Why a Korean character takes 3 bytes, what a Unicode codepoint is, how UTF-8's variable-length scheme stays ASCII-compatible, the BOM, surrogate pairs, and the bugs that come from byte-vs-character confusion.

~9 min read

Type "안녕" on the screen and your file or memory stores six bytes: EC 95 88 EB 85 95. Why does Korean take three bytes per character while English A takes one? How does Unicode codepoint U+C548 turn into EC 95 88? This guide walks through UTF-8's encoding rules, how it relates to Unicode, the BOM, surrogate pairs, and the byte-vs-character bugs that bite teams handling Korean, Japanese, or emoji.
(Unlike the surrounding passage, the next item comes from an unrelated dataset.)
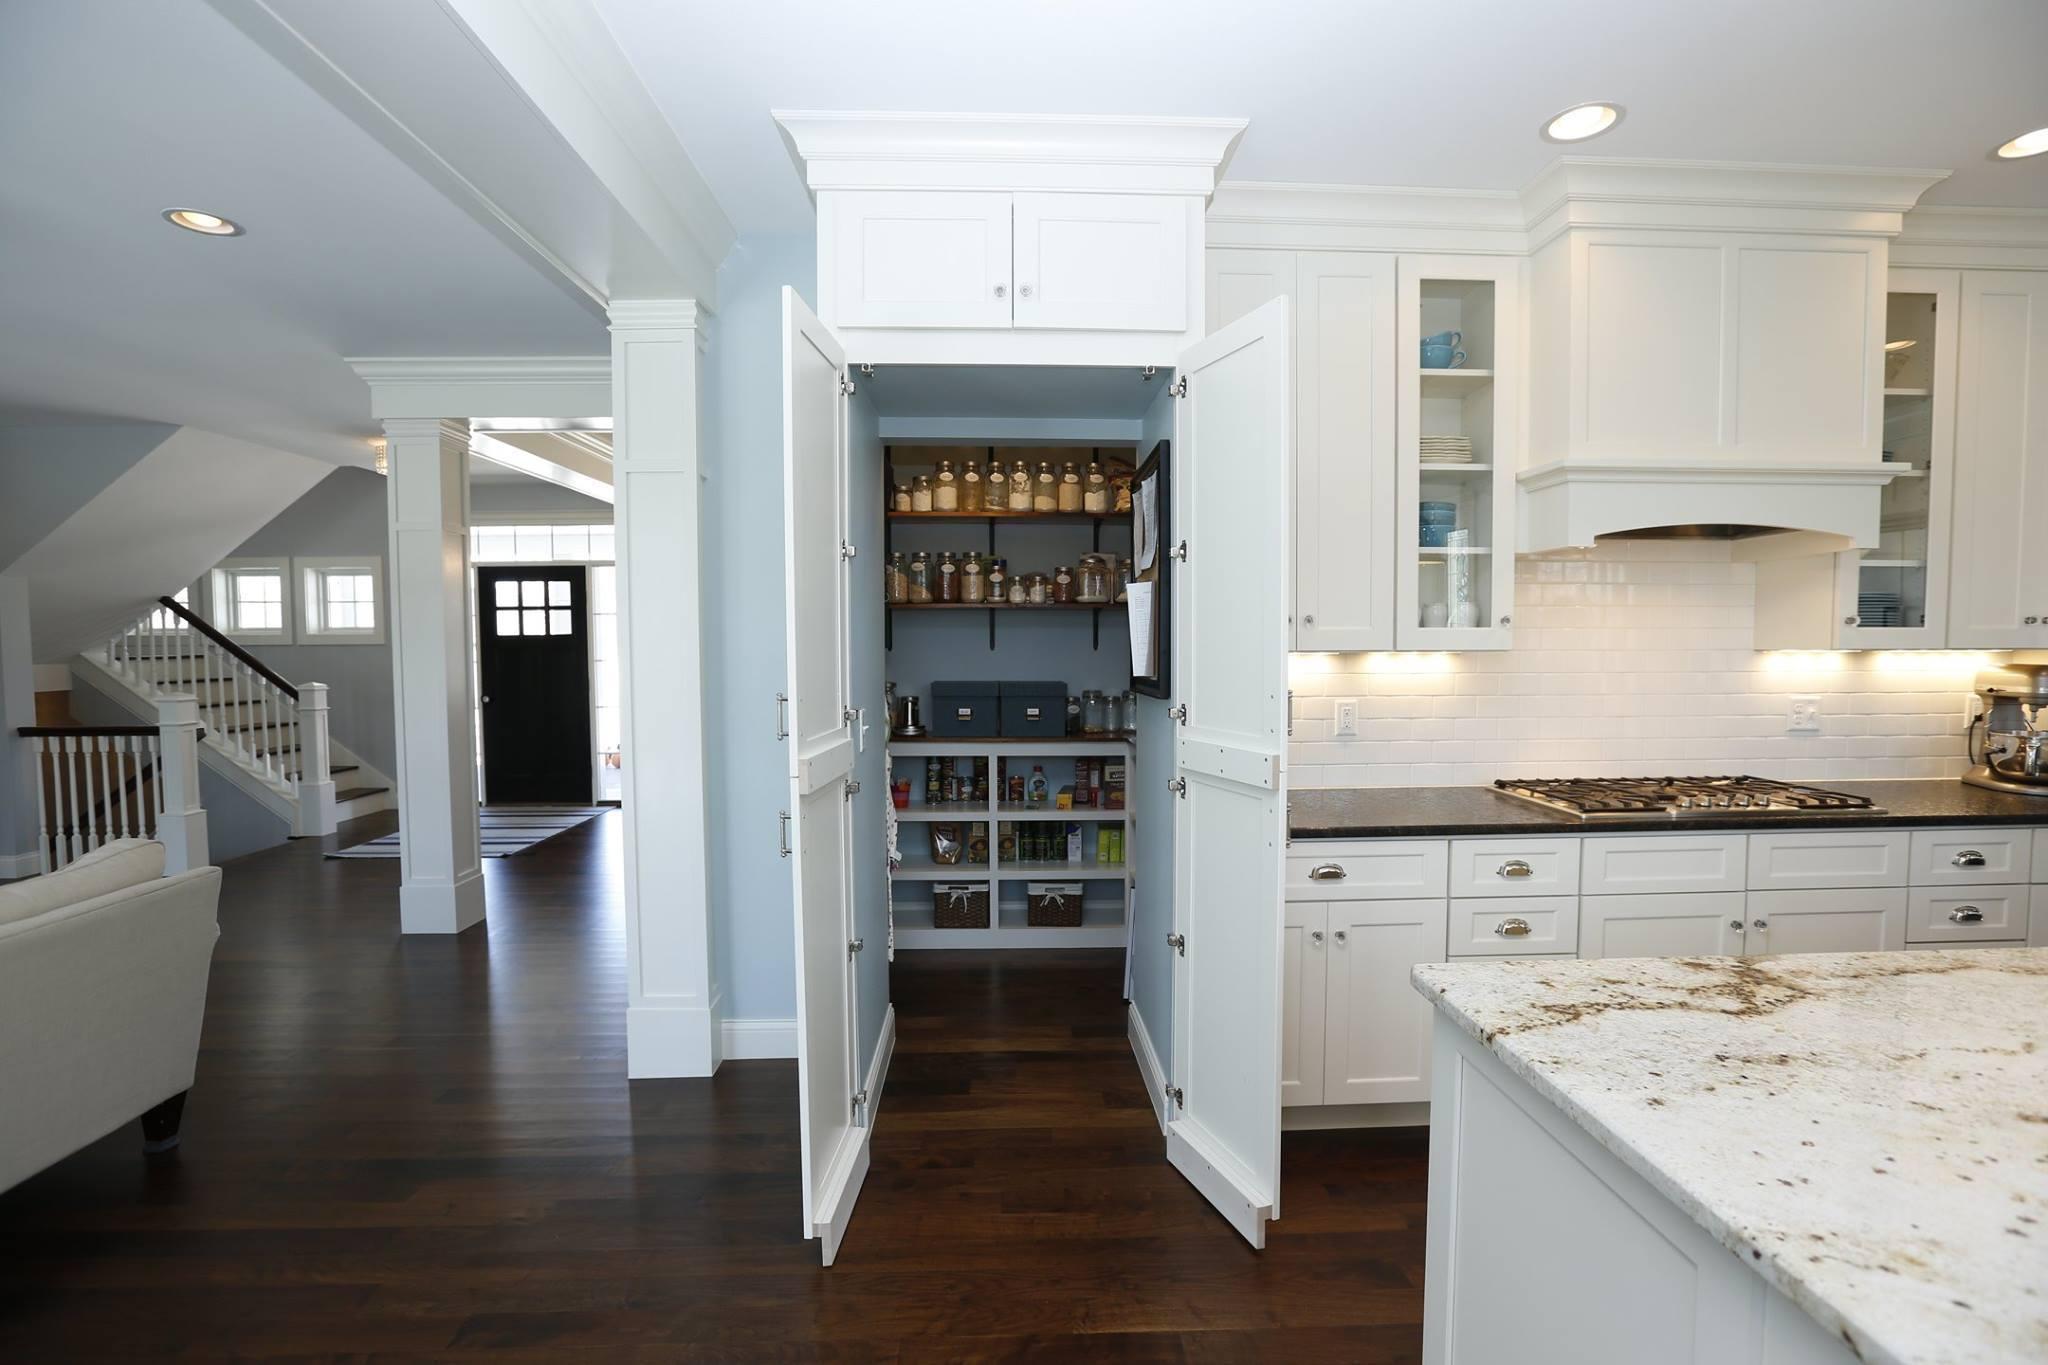 Highlands designs custom kitchen cabinets kitchen - Highlands designs custom kitchen cabinets ...
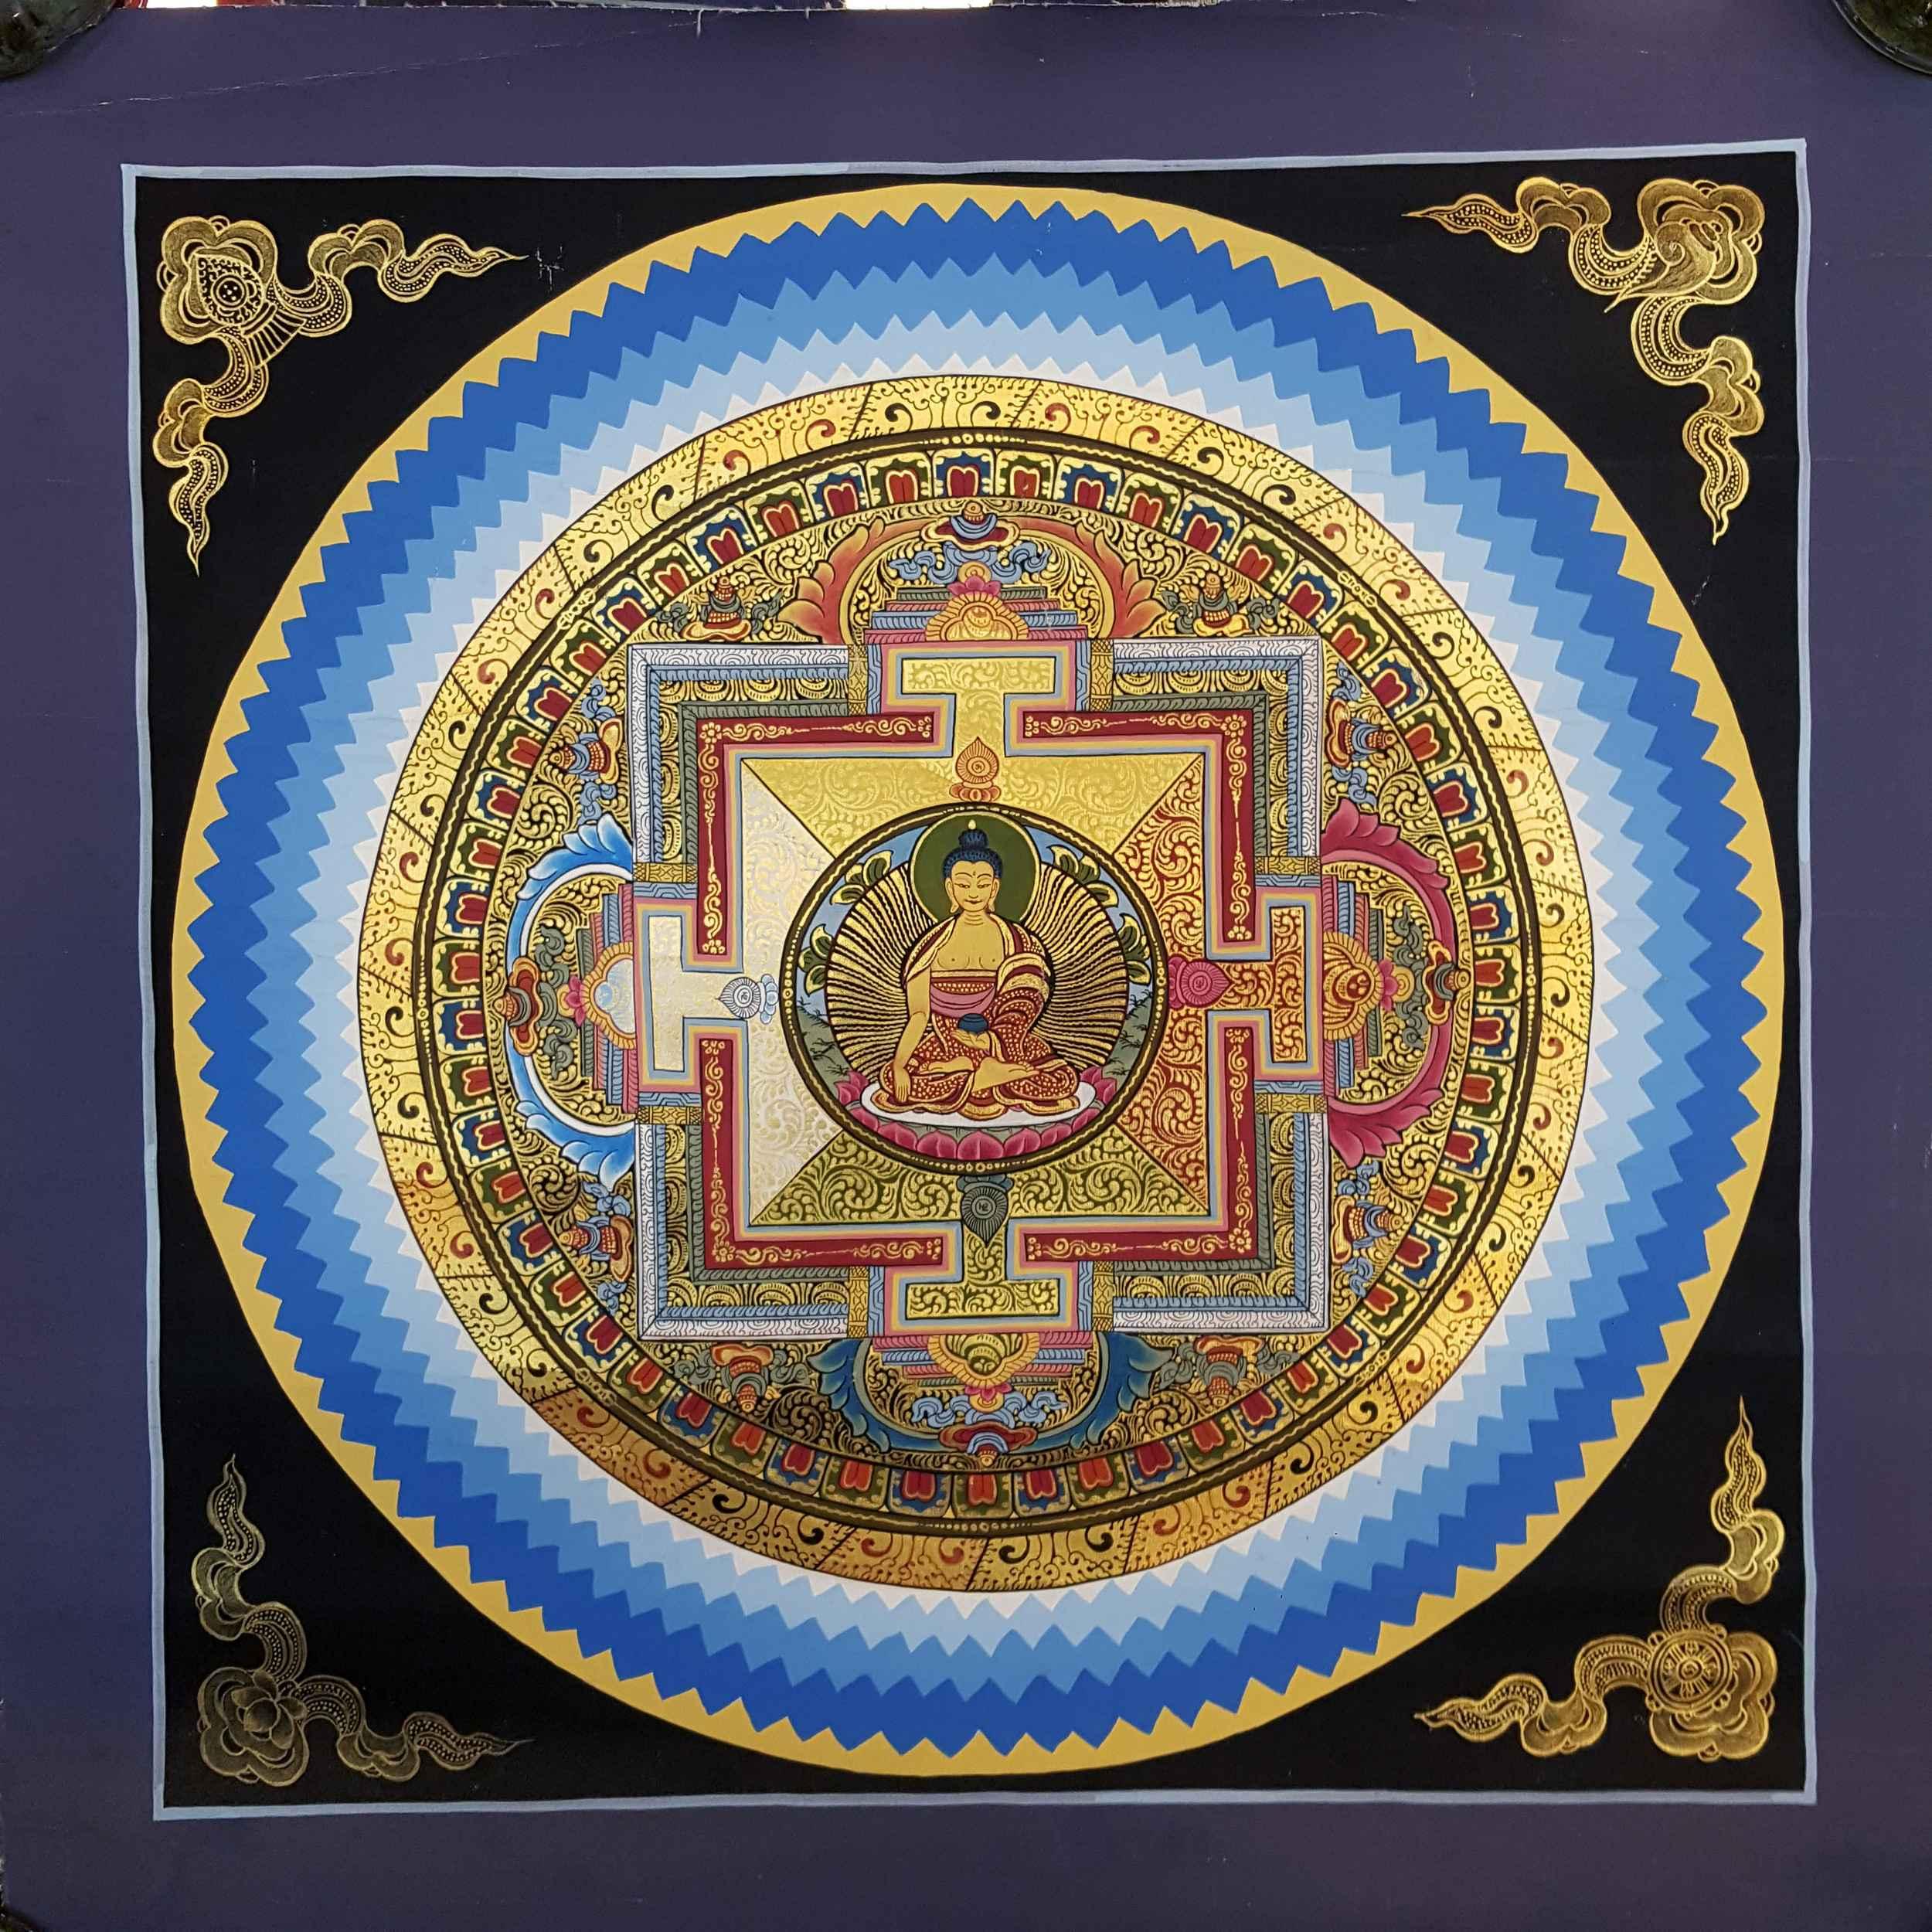 Baocicco 10x10ft Indian Golden Brahmanism Mandala Buddhism Mandala Lotus Photography Background Backdrop Bohemian Sparkly Meditation Mandala Wall Geometric Medallion Vinyl Photo Studio Props

First — Unicode and UTF-8 are different things

  • Unicode — a standard that assigns a number to each character. A = U+0041, the Korean character = U+C548, the emoji 🎉 = U+1F389. Roughly 150,000 codepoints (Unicode 15).
  • UTF-8 / UTF-16 / UTF-32 — encodings that turn codepoints into bytes. The same character takes different numbers of bytes in different encodings.

"Stored in Unicode" is imprecise; people usually mean "UTF-8 encoded Unicode text."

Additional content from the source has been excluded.